In the records below, reproduce exactly the lines from the one containing "Shore pine and" through the one containing "Paris Charles de", both included, and omit the pictures.

__MATERIAL FOR THE TASK__.

_ _ _ _ _ _ _

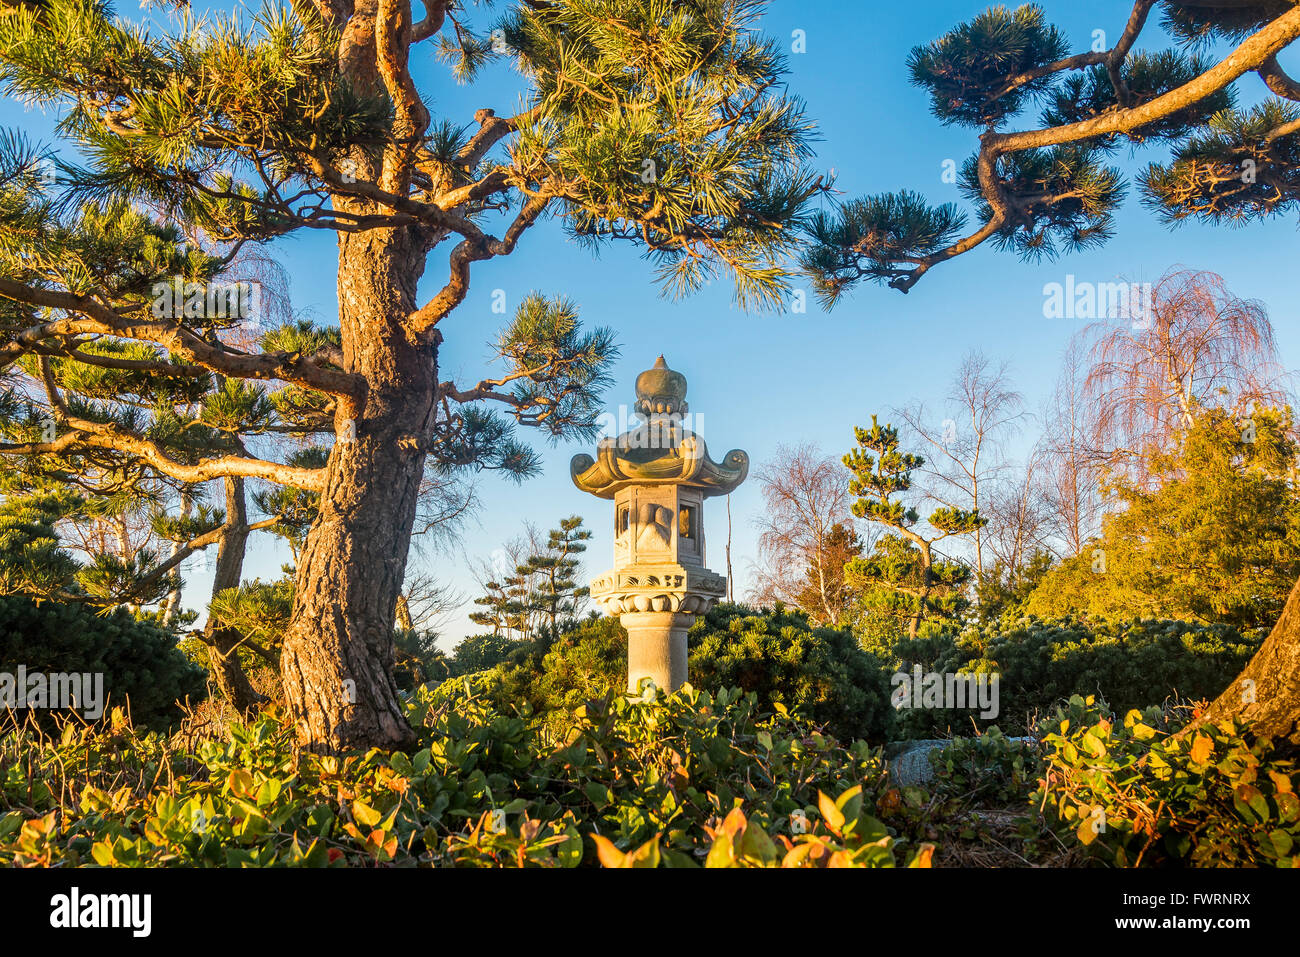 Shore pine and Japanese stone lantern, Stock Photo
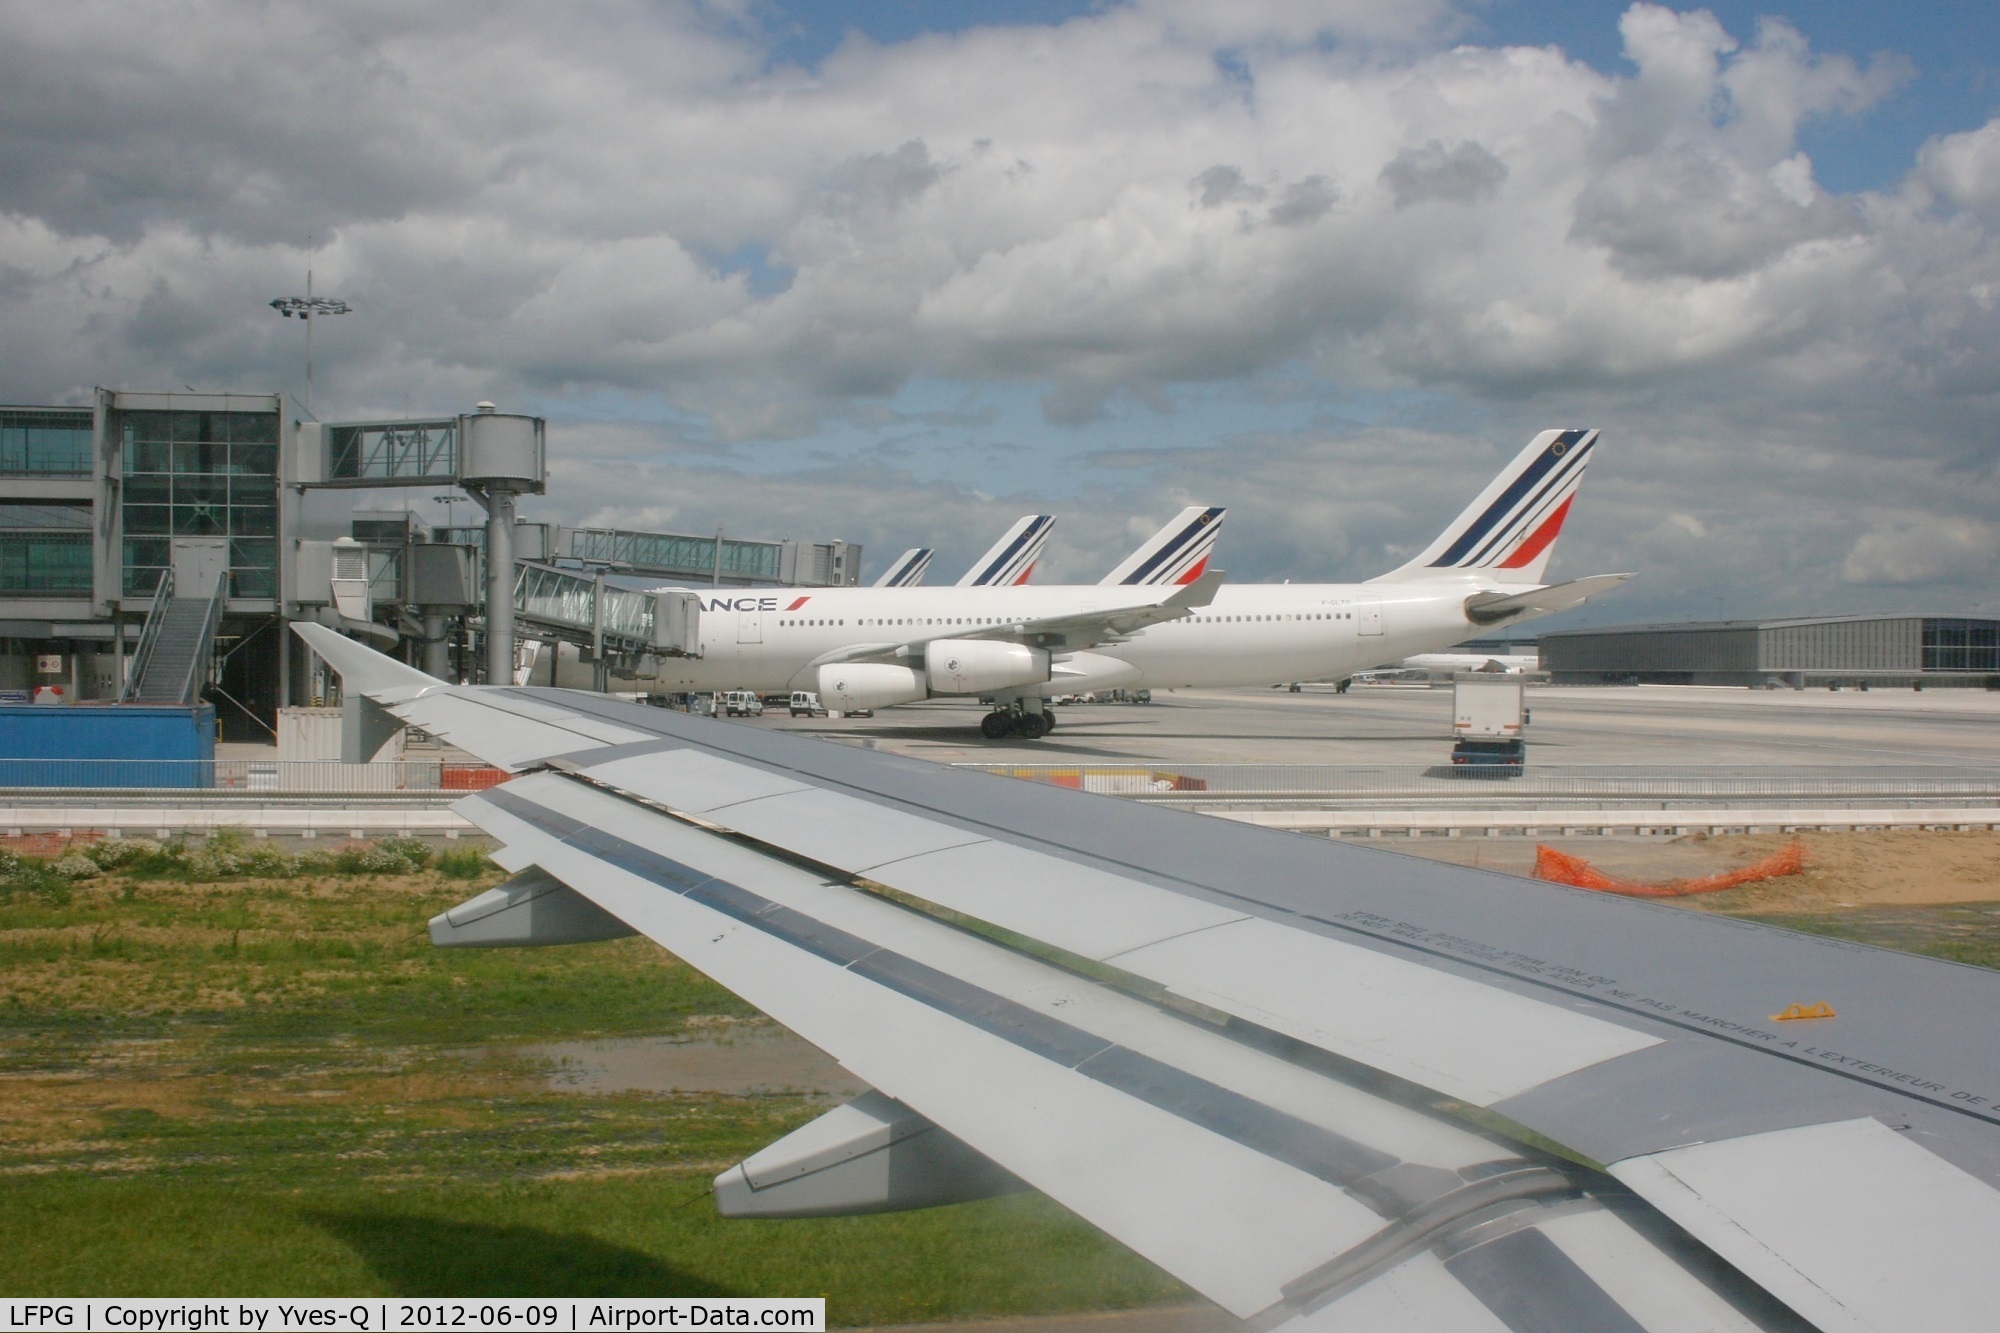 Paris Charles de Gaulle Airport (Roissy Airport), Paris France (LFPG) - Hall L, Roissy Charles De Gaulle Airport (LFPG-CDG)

_ _ _ _ _ _ _

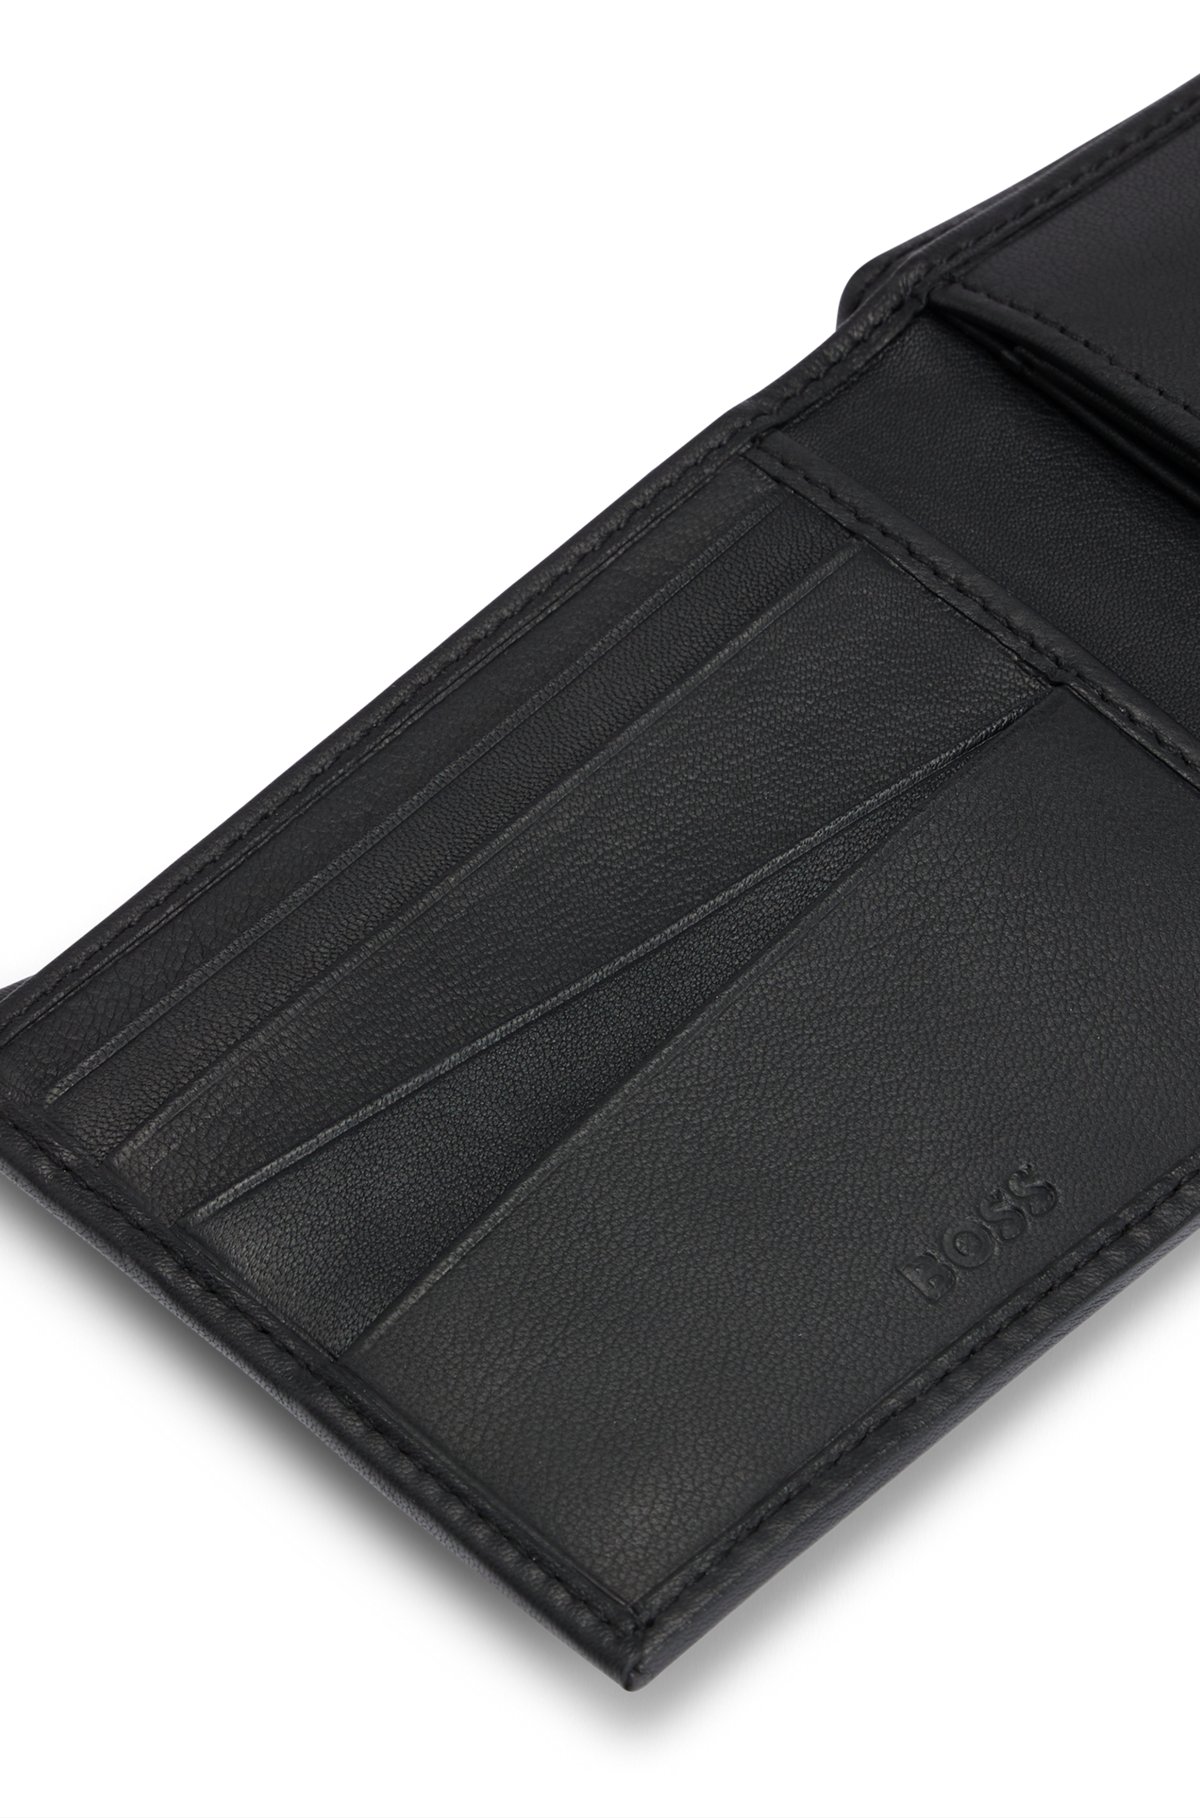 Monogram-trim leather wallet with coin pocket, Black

_ _ _ _ _ _ _

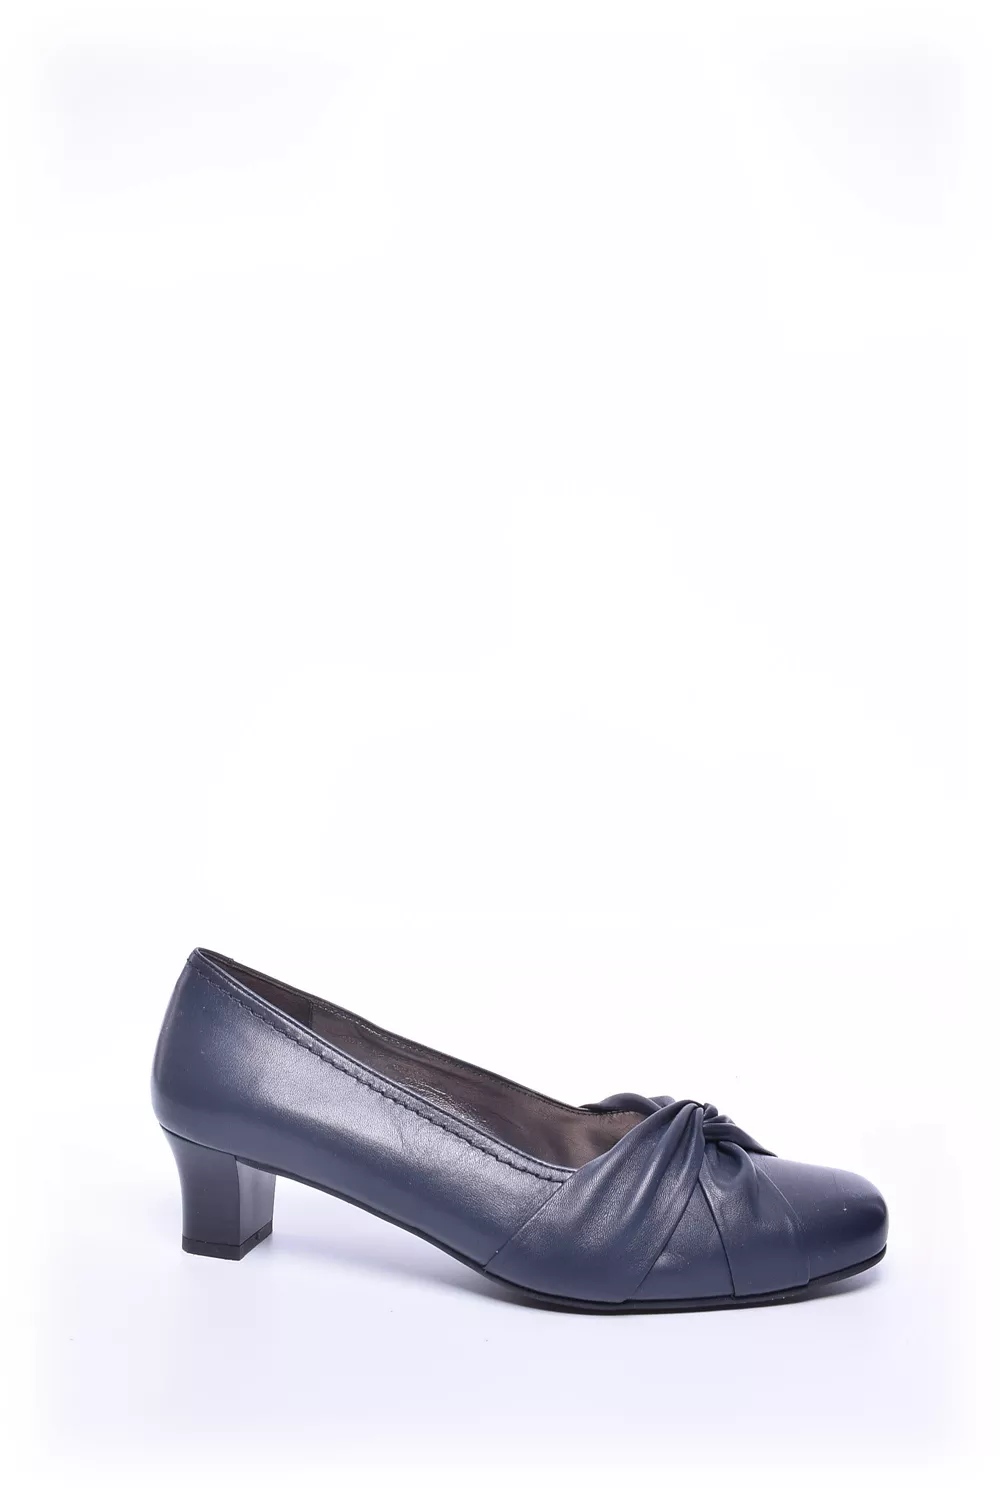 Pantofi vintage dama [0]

_ _ _ _ _ _ _

__TASK SOLUTION__.
 Shore pine and Japanese stone lantern, Stock Photo
 Paris Charles de Gaulle Airport (Roissy Airport), Paris France (LFPG) - Hall L, Roissy Charles De Gaulle Airport (LFPG-CDG)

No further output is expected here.